# Honor to the Sons of Russ!



## Lord Commander Erus (May 1, 2008)

Listen now, to the Wolf!
Hear his howl, and follow!
The beast within become the beast without
Hear now, the names of your champions
And praise them, Noble sons of Russ!
_
(what follows here is to be expanded, but is like an honor roll of current famous Space Wolves. Each will eventually be expanded to be the same length as Brans as I learn more on them, and will cover all 12 Wolf Lords and more!)_

Logan Grimnar, The Old Wolf - indomitable leader of the years
Long of tooth and grey of beard
Cunning beyond all wit and measure
Fierce foe of red-handed rage
Merciful lord of reason

The hand of Russ upon him
Destiny betwixt calloused paws
_(that's all I got! lol.. small spurt of inspiration!)_

Bjorn the Fell Handed - Immortal Champion of Russ forever!

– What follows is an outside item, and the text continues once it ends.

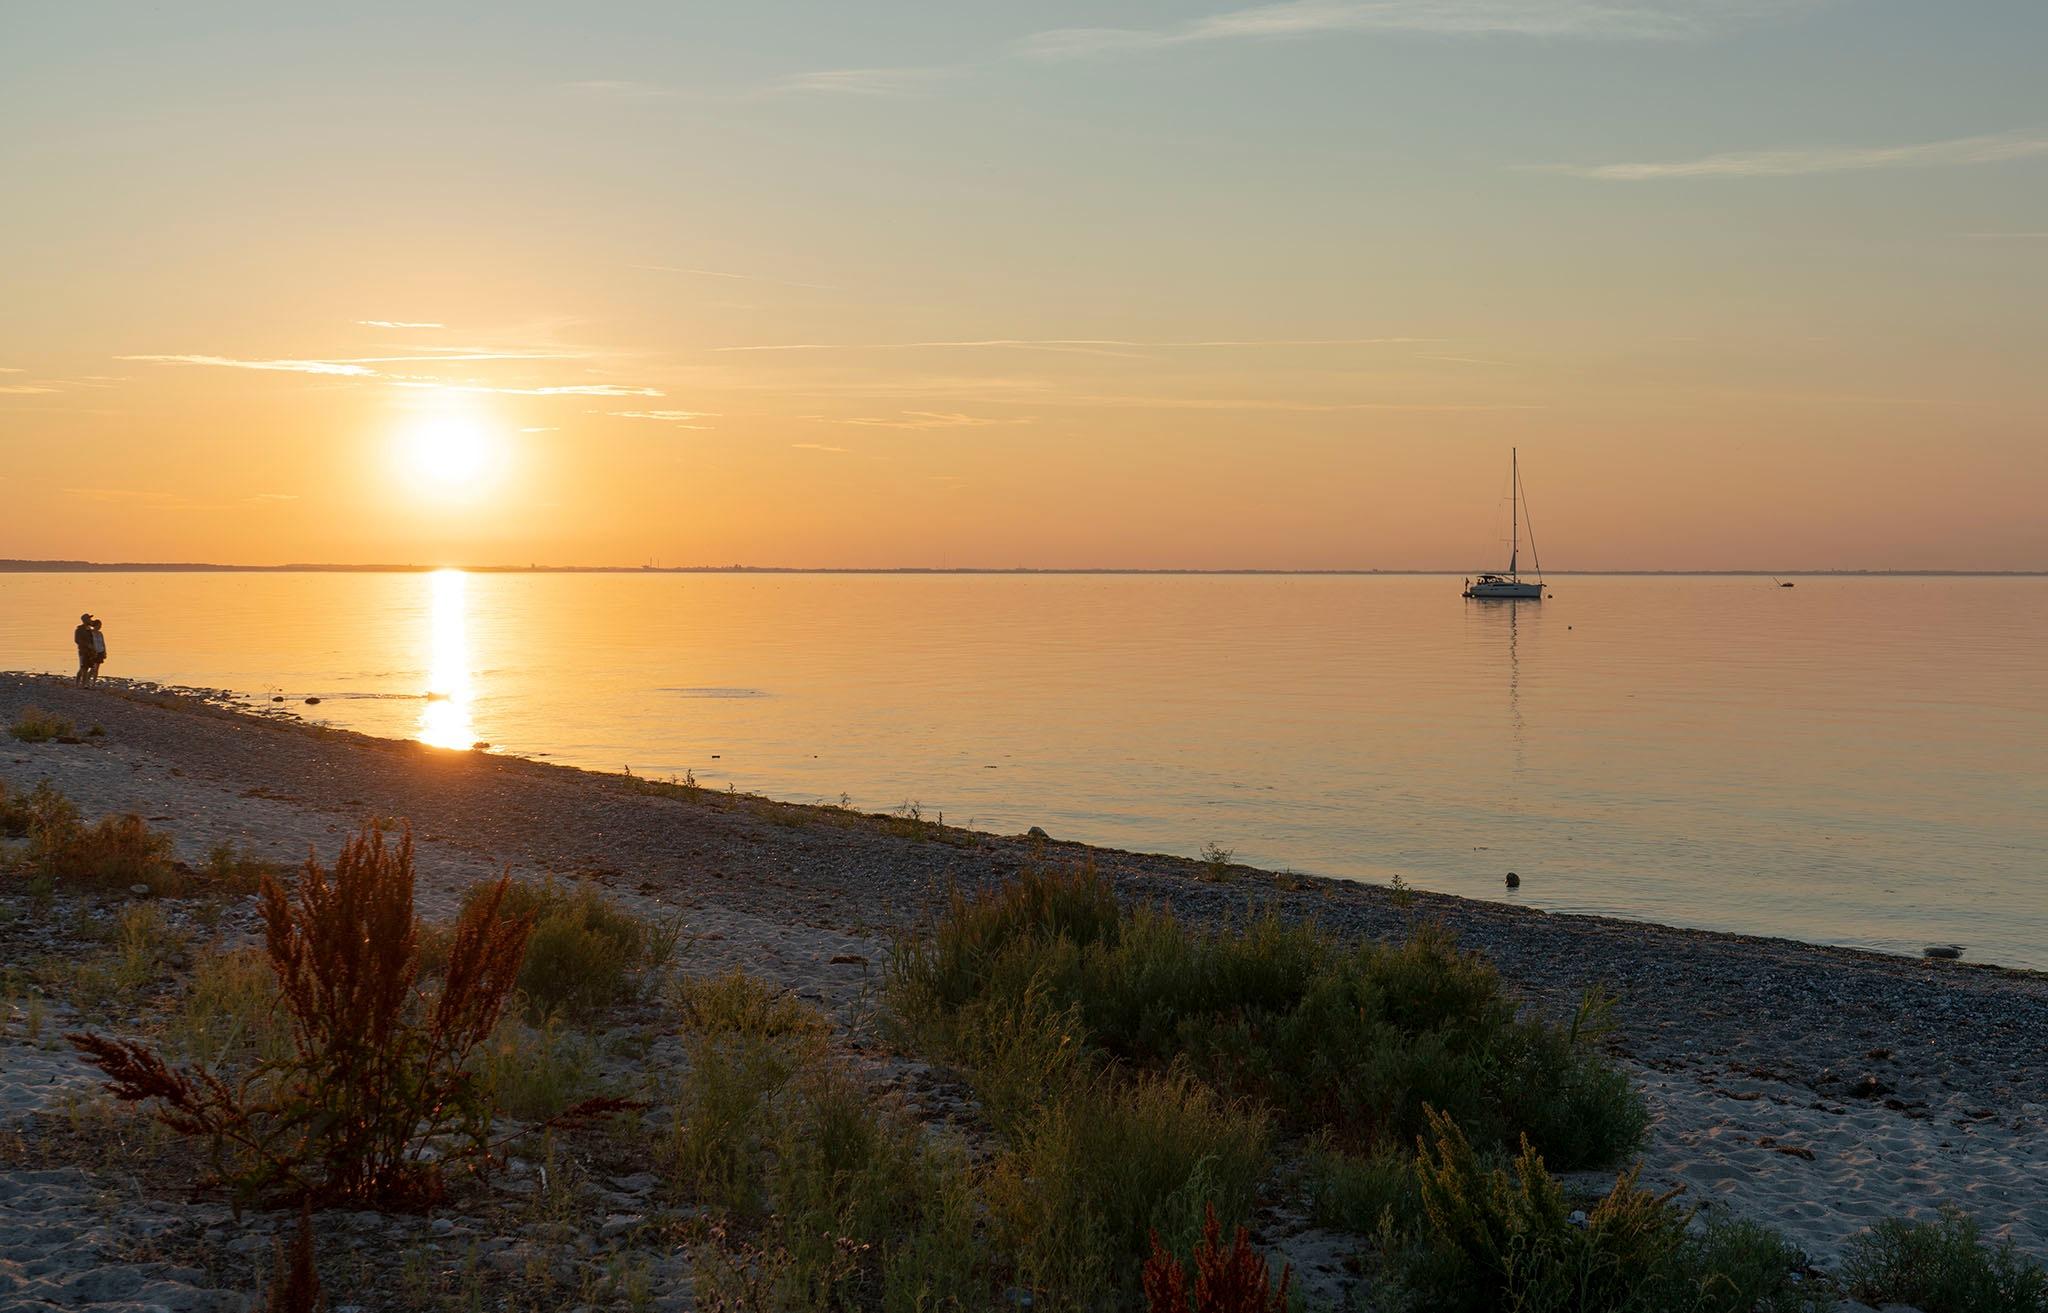 Summer evening by Dorte Hedengran

Ragnar Blackmane - The fire in the Fangs heart!

Ulrik the Slayer- Warden and guard to the young and old!

Njal Stormcaller - Master of the runes and Caller of Fenris' fury!
_(These will be expanded later as well, just stub reminders to myself)_

Bran Redmaw, bloody-handed warrior,
He piles the skulls of his enemies,
He builds a mound of the fallen.
His foes weep rivers of blood.
In fire and rain of death he strides
Mighty axe cleaving foe in twain

With the howl of the wulfen in his soul
His warriors rend the foe to bone and marrow
Fortress tall and foes mighty
Quake and fail at the sight
Of warriors arrayed in such plate
With weapons like unto the Wolfs own!

Bolt shell and frost tooth, claw and fang
All fall before the might of the Twelfth Lord
All fall to his fury, and are fed to the beast within
All fall to the Sons of Russ

_(this next will be at the end of the roll of the living heroes, since the wolves believe Russ alive, and be obviously longer and more intricate as I expand my knowledge of Russ fluff wise)_

Russ, Mightiest of all the Emperors Sons.
Father of the Legion, Master of the Fang
Disciple of the Emperor Benevolent
Master of the beast within
Father of the beast without,
Giver of the cursed mark

_(what follows and would be here will require research, but will be taken form my own fluff and official fluff, stating the names of fallen Space Wolves of fame and how they fell, much like with the current heroes)._


----------